IN THESE (THERAPEUTIC) TIMES: The Times writes the great southern novel!

FRIDAY, OCTOBER 21, 2011

Part 4—Whites (and blacks) left behind: Sometimes, the New York Times even provides real journalism.

Often, though, the famous newspaper provides other services. Consider Campbell Robertson’s front-page report on October 4—his or her news report about the alleged effects of Alabama’s new immigration law.

In part, this piece was journalistic; it provided some real information about a recent event. But largely, Robertson crafted a novel. His dateline said “ALBERTVILLE, Ala.” This is the way he began:
ROBERTSON (10/4/11): The vanishing began Wednesday night, the most frightened families packing up their cars as soon as they heard the news.
“The vanishing” began that night? Is that a journalistic term? As he continued, Robertson reported the way some Hispanics were leaving Alabama in response to the state’s new law.

But was Robertson mainly involved in journalism? Or was he serving other functions? In part, he was plainly writing a novel. Before too long, he had acknowledged his novel’s rather obvious template:
ROBERTSON: The vanishing began Wednesday night, the most frightened families packing up their cars as soon as they heard the news.

They left behind mobile homes, sold fully furnished for a thousand dollars or even less. Or they just closed up and, in a gesture of optimism, left the keys with a neighbor. Dogs were fed one last time; if no home could be found, they were simply unleashed.

Two, 5, 10 years of living here, and then gone in a matter of days, to Tennessee, Illinois, Oregon, Florida, Arkansas, Mexico—who knows? Anywhere but Alabama.

The exodus of Hispanic immigrants began just hours after a federal judge in Birmingham upheld most provisions of the state’s far-reaching immigration enforcement law.

[...]

John Weathers, an Albertville businessman who rents and has sold houses to many Hispanic residents, said his occupancy had suddenly dropped by a quarter and might drop further, depending on what happens in the next week. Two people who had paid off their mortgages called him asking if they could sell back their homes, Mr. Weathers said.

Grocery stores and restaurants were noticeably less busy, which in some cases may be just as well, because some employees stopped showing up. In certain neighborhoods the streets are uncommonly quiet, like the aftermath of some sort of rapture.
Robertson’s template was The Rapture, in which a whole population disappears from the earth. And make no mistake—the scribe was writing a novel. On whose authority did he say that “certain neighborhoods” in Albertville were “uncommonly quiet” this day? (Whatever that was supposed to mean.) Robertson cited no source for this claim. Does he know how quiet it normally is in this town’s different neighborhoods? Or was he just enjoying the liberties which go to those who type novels?

When Robertson did attempt journalism, his effort sometimes seemed peculiar. At one point, he pretended to buttress a major point by giving us a statistic:
ROBERTSON: When Judge Blackburn was finished, Alabama was left with what the governor called “the strongest immigration law in this country.” It went into effect immediately, though her ruling is being appealed by the Justice Department and a coalition of civil rights groups.

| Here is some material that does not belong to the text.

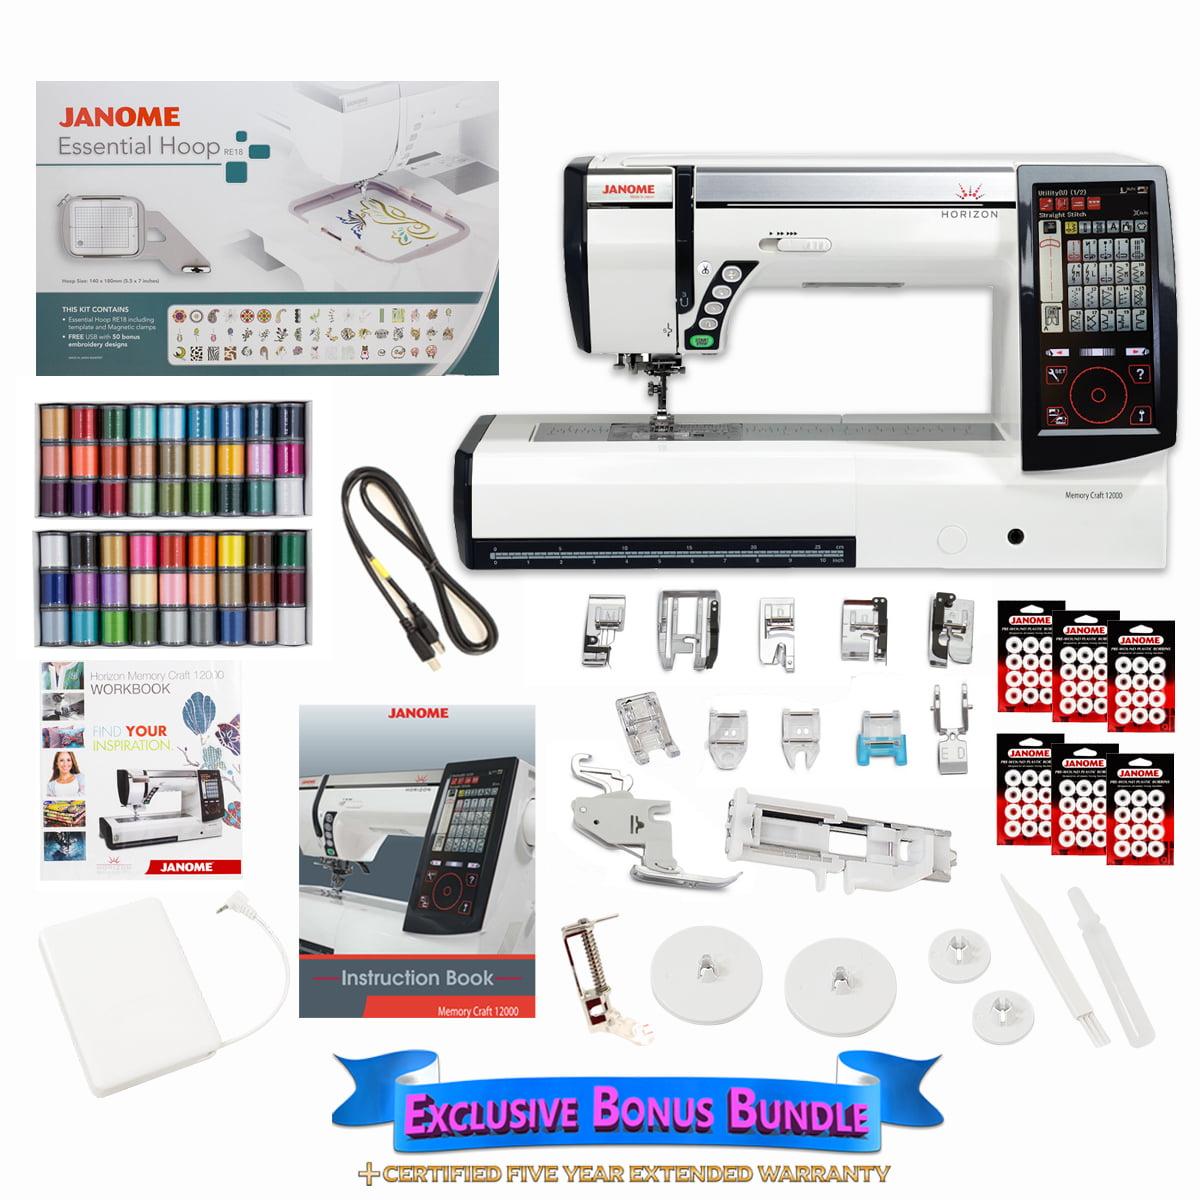 Janome memory craft 12000 - Janome Horizon Memory Craft 12000 Embroidery And Sewing Machine With Exclusive Bonus Bundle Walmart Com

In the days since, school superintendents have reassured parents—one even did so on television in Spanish—that nothing had changed for children who were already enrolled. Wary police departments around the state said they were, for now, awaiting instructions on how to carry out the law.

For many immigrants, however, waiting seemed just too dangerous. By Monday afternoon, 123 students had withdrawn from the schools in this small town in the northern hills, leaving behind teary and confused classmates. Scores more were absent. Statewide, 1,988 Hispanic students were absent on Friday, about 5 percent of the entire Hispanic population of the school system.
Throughout this putative news report, we receive heart-rending descriptions of “teary and confused classmates” and the like. In these ways, a novelist lets us spot his novel’s heroes. But look what happened when Robertson decided to throw in a fact! Five percent of the state’s Hispanic students were absent? (Sorry—five percent “of the entire Hispanic population of the school system” This sounds more sweeping.) This masqueraded as evidence of “the vanishing”—of the rapture, the exodus. But:

Is five percent a high absentee rate? It didn’t sound real high to us. And sure enough: On October 15, Robertson filed a shorter report which seemed to say that the normal attendance rate for the state’s Hispanic students would be perhaps two points higher than it was on this earlier day, the day that was said to be part of the rapture. On a normal day, the attendance rate would be 97 percent. After the rapture—after the vanishing—it stood at 95.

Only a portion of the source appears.